Who’s Involved in Order to Cash Measurement?

When you measure the order-to-cash cycle, you will need to set appropriate KPIs for your sales department, warehousing and transportation functions, and for some areas of finance, such as accounts receivable. To illustrate how much this matters, consider the possible consequences of any failure or delay in recording a customer’s payment.

Let’s assume a system or process issue that results in the delayed posting of the customer’s payment. If the customer makes frequent purchases, receipt of payment for the previous delivery might not be recorded before the customer places a fresh order.
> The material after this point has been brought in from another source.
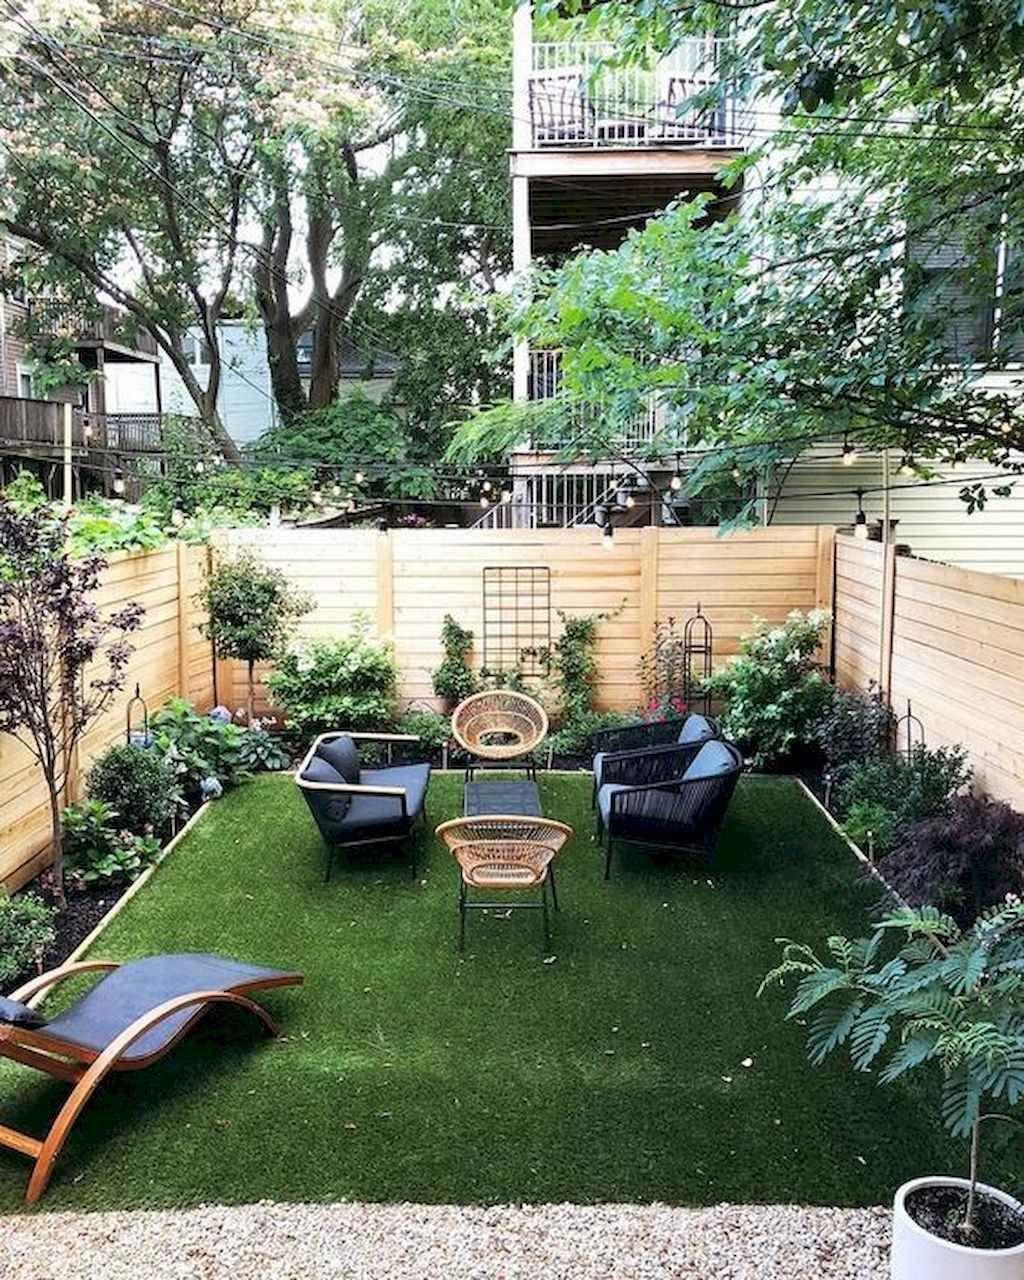 65 Amazing Backyard Garden Landscaping And Design Ideas Backyard

Because there is no record of payment, the customer’s account might be put on hold in your ERP system, and the whole process of supplying that customer stops until somebody spots the problem and resolves it. That’s a supply chain performance issue, just as much as if your warehouse team fails to pick the order.

Functional KPIs in OTC

If you’re beginning to think that order-to-cash cycle measurement sounds incredibly complicated, you can relax a little, because it need not be that hard. For one thing, a made-to-measure (see what I did there?) KPI exists that’s relevant to pretty much any type of supply chain operation. It’s a composite KPI called perfect order, and it incorporates functional measurements for all stages of the OTC process.
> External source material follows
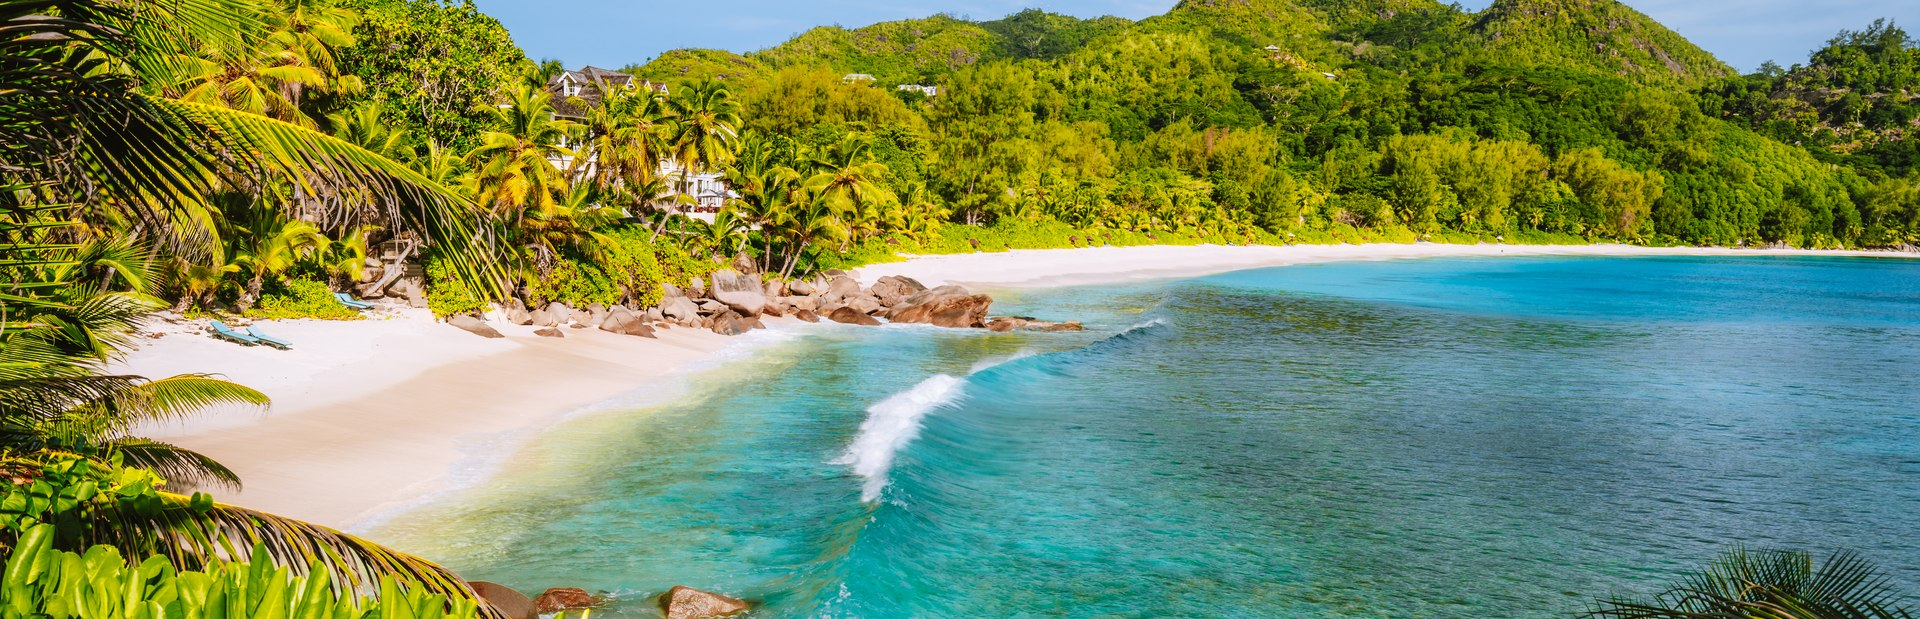 Seychelles climate photo

You can use the perfect order KPI to track OTC performance, by breaking it into its components and applying the metrics as relevant to the different functions in your supply chain. The breakdown should look something like this:

  • Sales function: Percentage of orders captured accurately (reliant on customer feedback)
  • Warehouse function: Percentage of orders picked in full
  • Transport function: Percentage of orders delivered in full; Percentage of on-time deliveries
  • Finance function: Percentage of orders billed correctly
  • All functions: Percentage of orders with correct and accurate documentation

The functional KPIs mentioned above are the highest level of metrics that you will use. They will likely need breaking down further to maximize the identification of performance issues and aid in solution planning—always remembering to keep things simple by only holding people responsible for the KPIs they can directly affect.

For instance, in the warehouse, the percentage of orders picked in full might be broken down into…

  • Percentage of orders picked with errors – incorrect quantity
  • Percentage of orders picked with errors – incorrect product
  • Percentage of order lines picked with errors – incorrect quantity
  • Percentage of order lines picked with errors – incorrect product

At this level of granularity, the picking-performance measurement will allow you to see trends and patterns in picking accuracy. You might notice for example, that a significant number of orders are picked with minor errors, or that a small number of orders contain many errors.

Furthermore, by applying codes to highlight the exact nature of each error, you will gain an even higher level of visibility. You might notice, for instance, that a particular product is affected more than others by picking errors, and then determine if the problem lies with that product’s markings, labels, storage location, or proximity to a similar product in the slotting plan.